## To do
The answer should consist of the full listing below, repeated exactly and free of pictures.

## Available data
──────

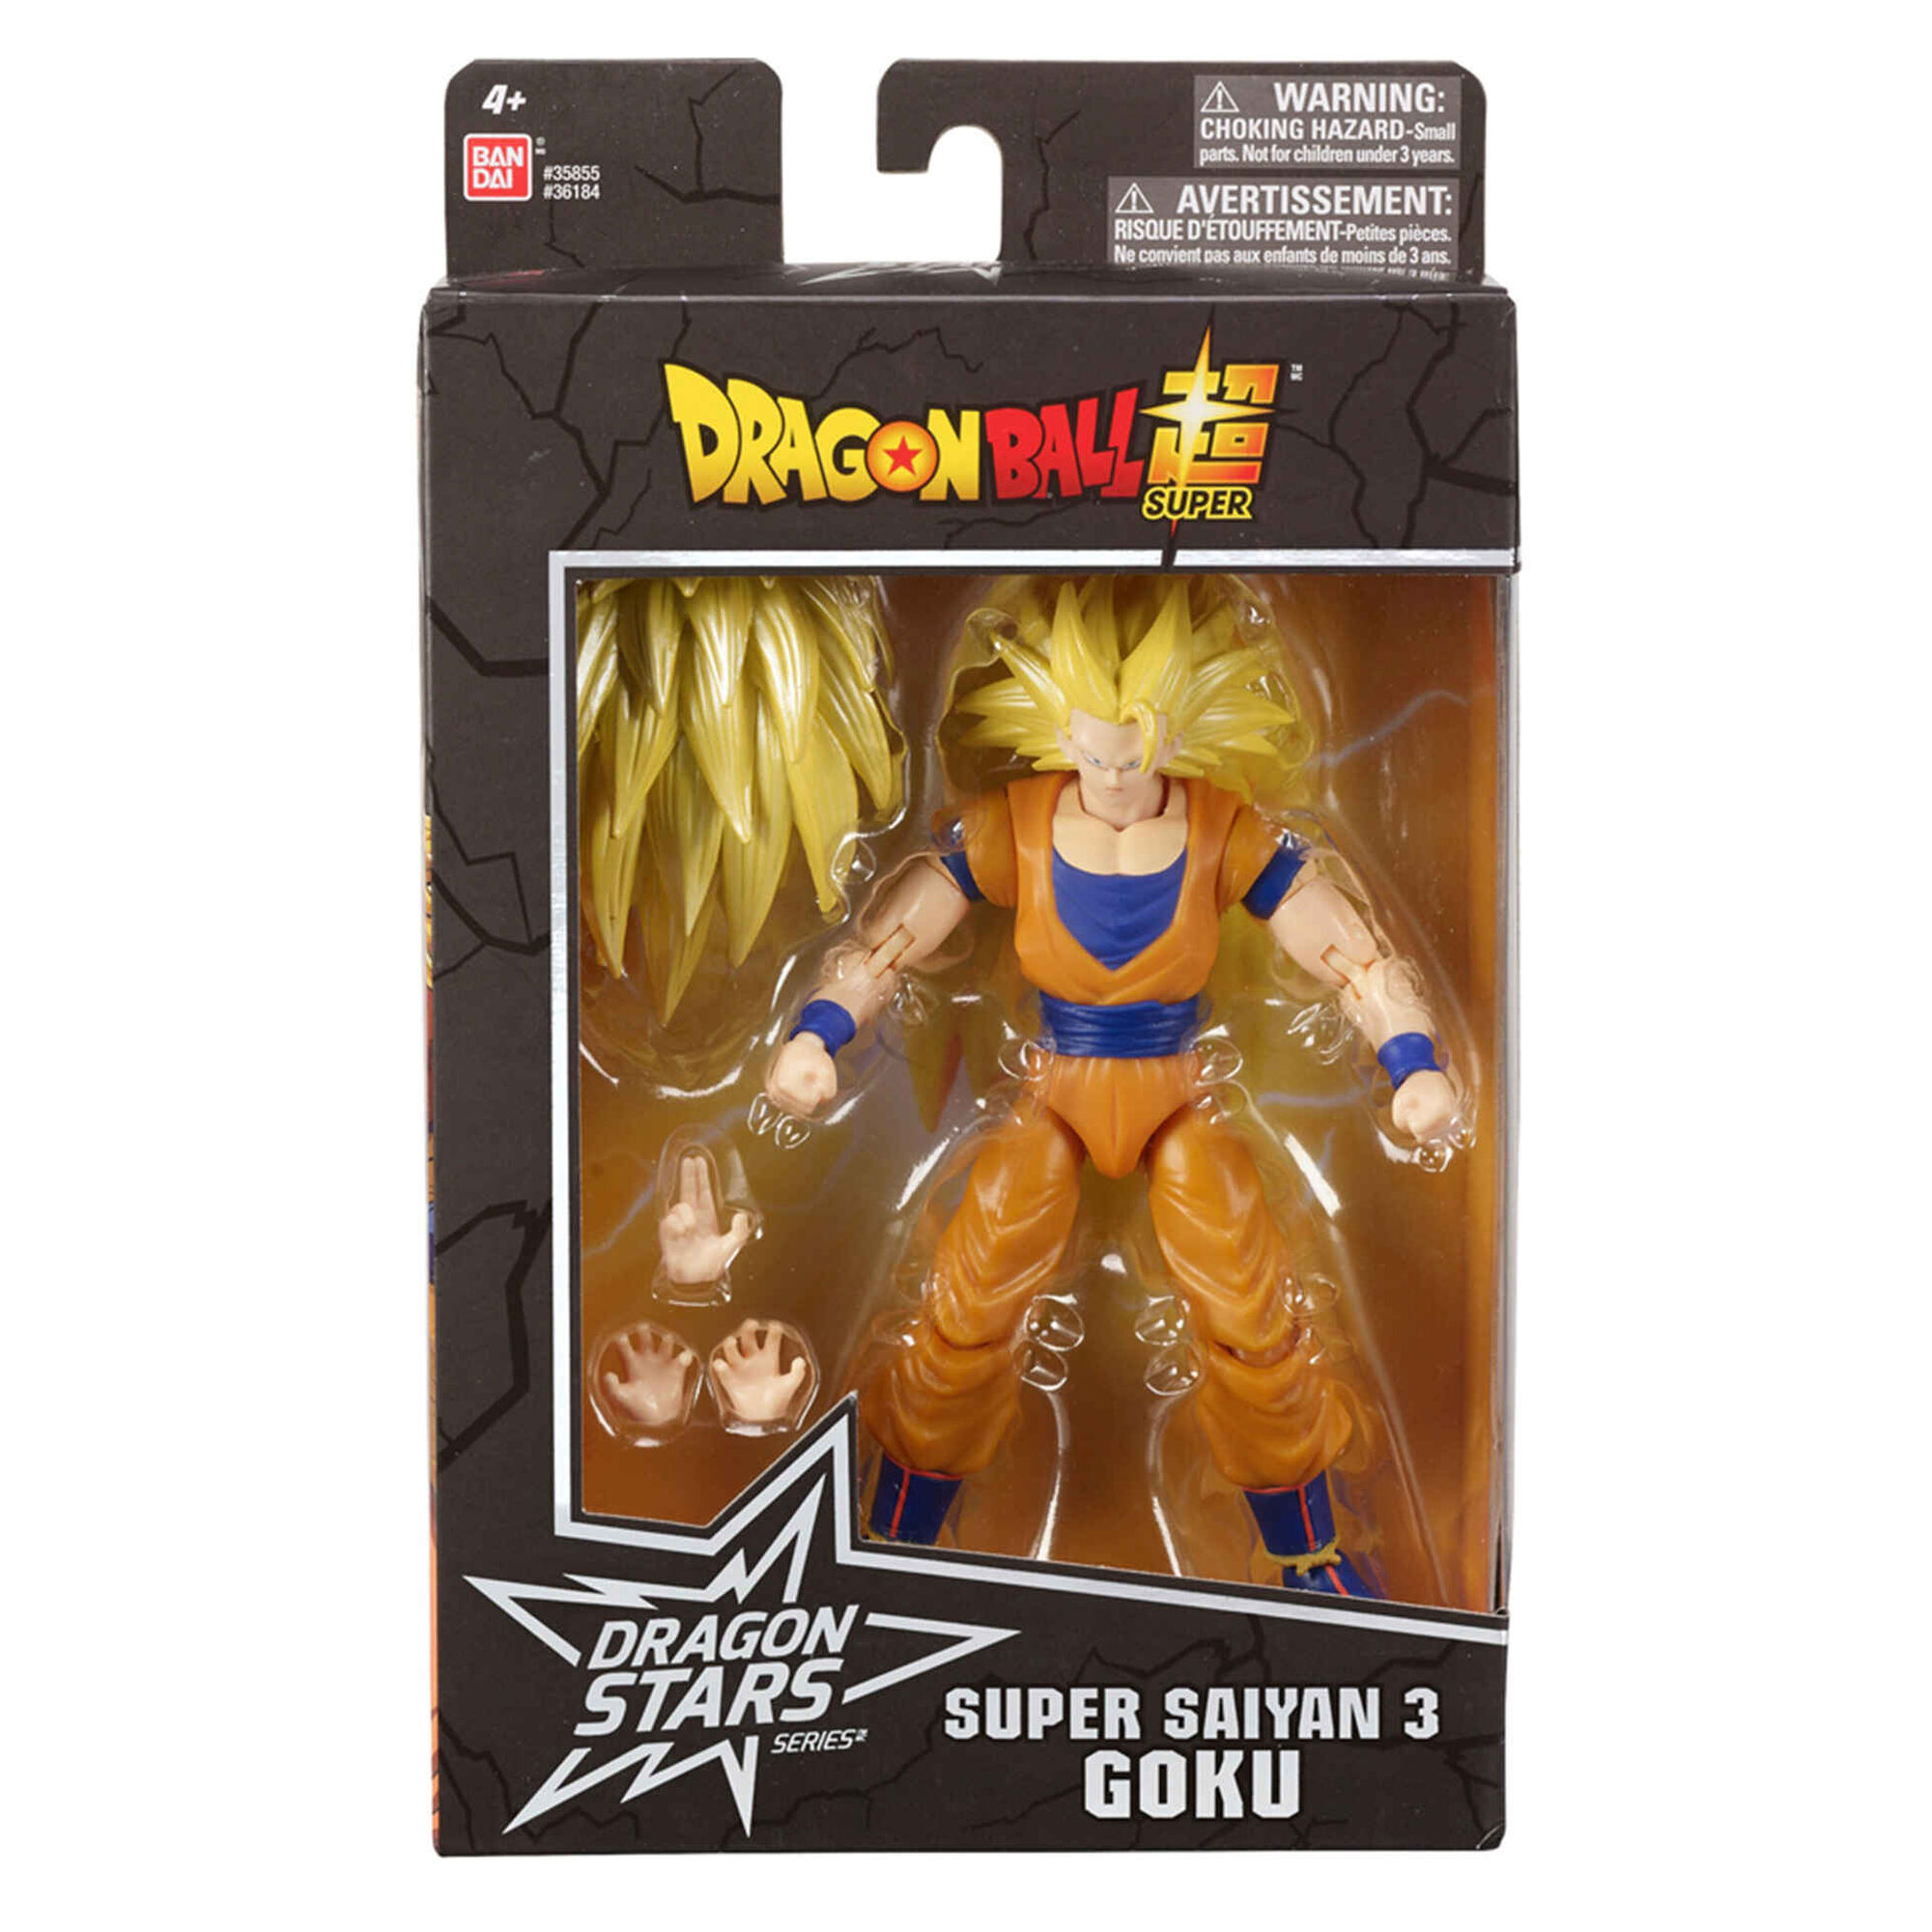 Goku cabelo prateado - Dragon Ball Z - Action figure 17cm
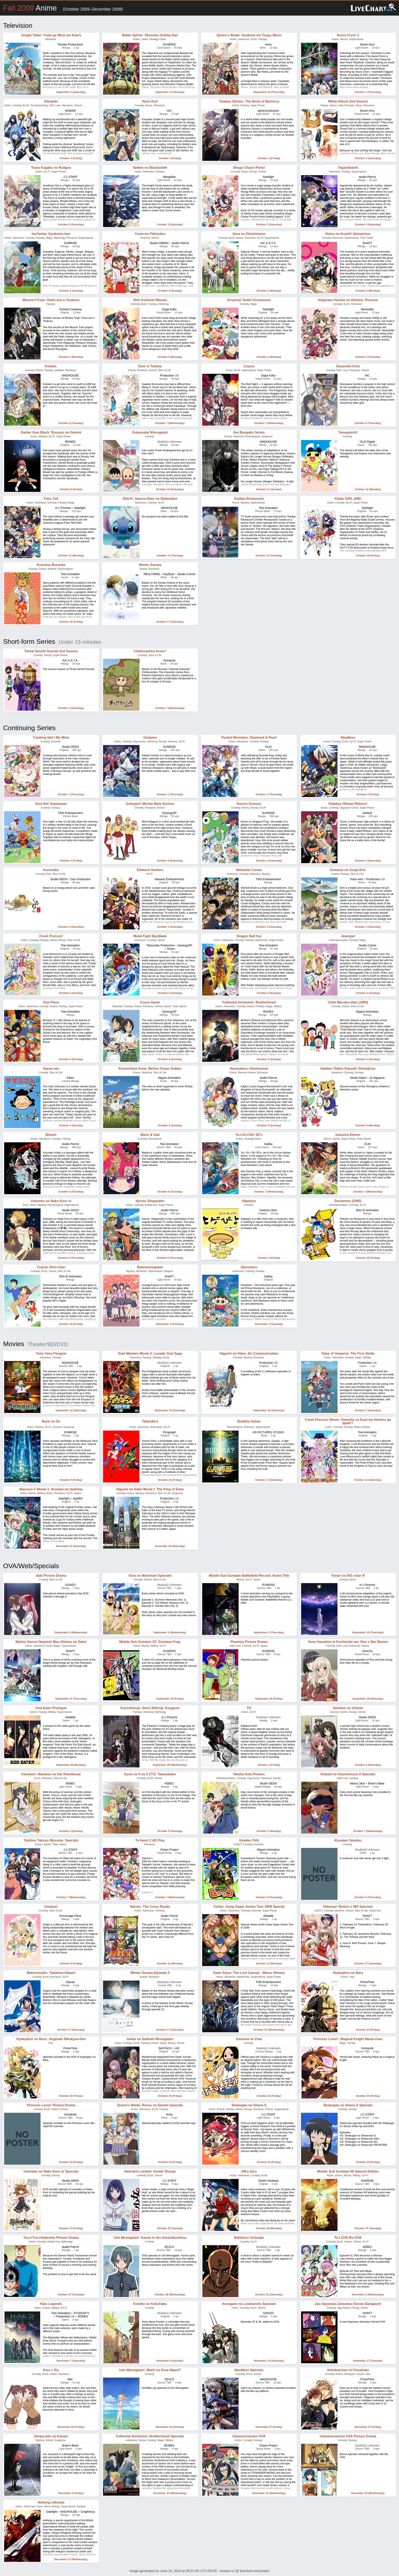 Summer 2009 Anime, Seasonal Chart
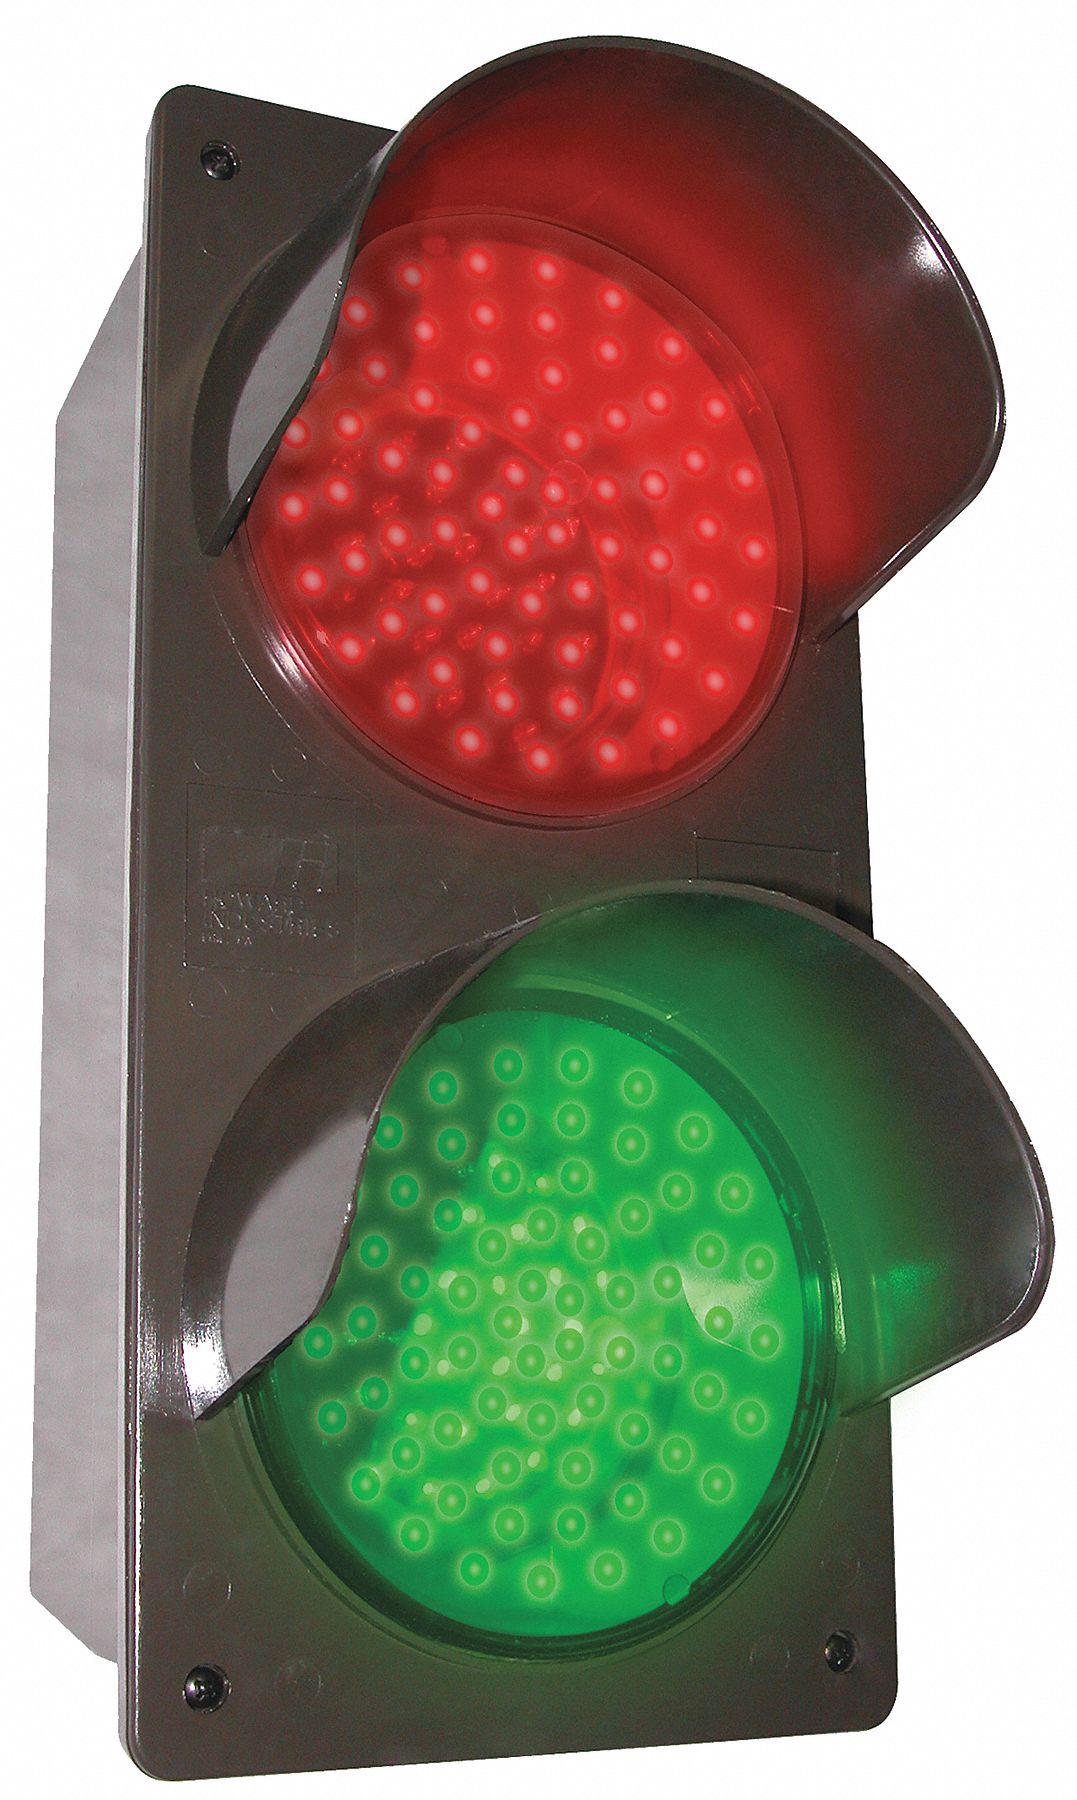 Fundament Outlaw familie Vertical Traffic Signal Light - 55KP10|143468 - Grainger

──────

## Written answer
 Goku cabelo prateado - Dragon Ball Z - Action figure 17cm
 Summer 2009 Anime, Seasonal Chart
 Fundament Outlaw familie Vertical Traffic Signal Light - 55KP10|143468 - Grainger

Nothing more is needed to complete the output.